■ **Prompt**
Would you return the lines between the one holding "再撮り問い合わせ民主主義切手を貼り郵便局発送、トイレ 便座 取っ手" and the one holding "Mua, bán các", inclusive, and only those, exactly as they stand in the listing below?

■ **Material supplied**
....
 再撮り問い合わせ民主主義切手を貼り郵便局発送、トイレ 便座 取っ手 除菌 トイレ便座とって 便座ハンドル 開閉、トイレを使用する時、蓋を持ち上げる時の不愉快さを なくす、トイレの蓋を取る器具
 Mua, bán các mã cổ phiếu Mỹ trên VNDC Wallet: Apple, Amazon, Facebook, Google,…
....
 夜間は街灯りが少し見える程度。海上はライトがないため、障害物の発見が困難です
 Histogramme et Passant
....
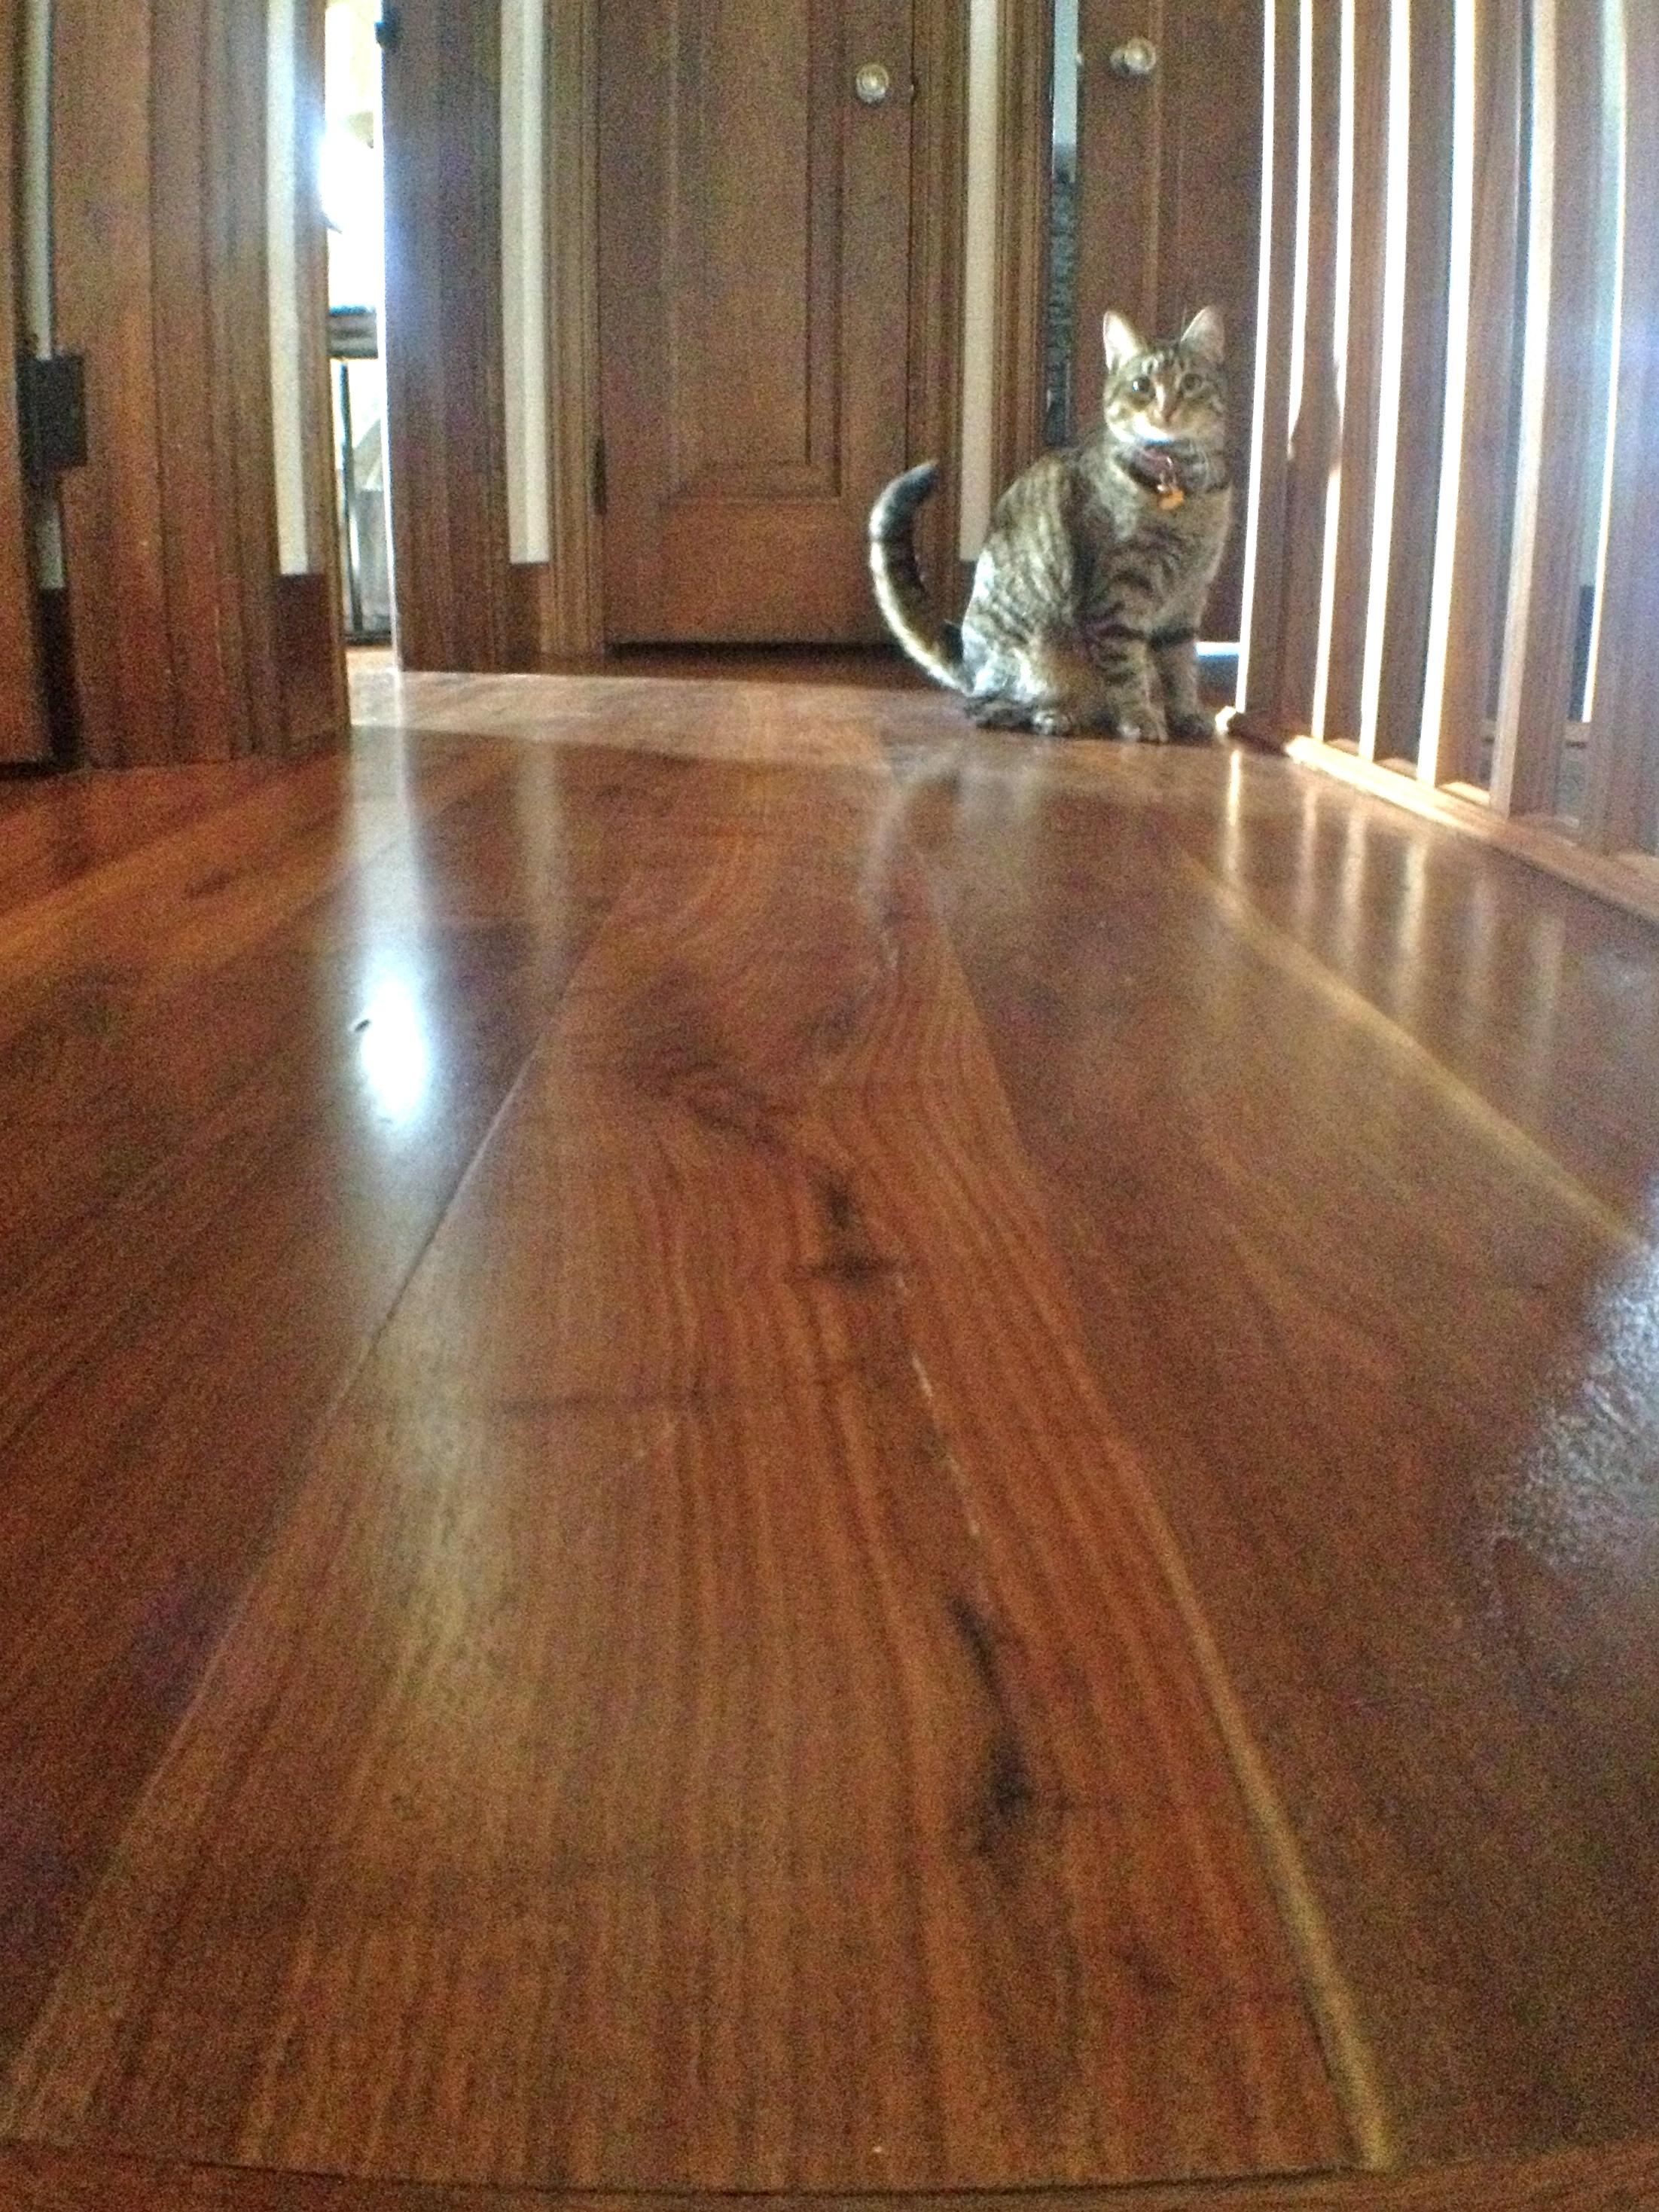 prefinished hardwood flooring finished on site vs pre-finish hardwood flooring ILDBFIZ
....
■ **Result for this task**
 再撮り問い合わせ民主主義切手を貼り郵便局発送、トイレ 便座 取っ手 除菌 トイレ便座とって 便座ハンドル 開閉、トイレを使用する時、蓋を持ち上げる時の不愉快さを なくす、トイレの蓋を取る器具
 Mua, bán các mã cổ phiếu Mỹ trên VNDC Wallet: Apple, Amazon, Facebook, Google,…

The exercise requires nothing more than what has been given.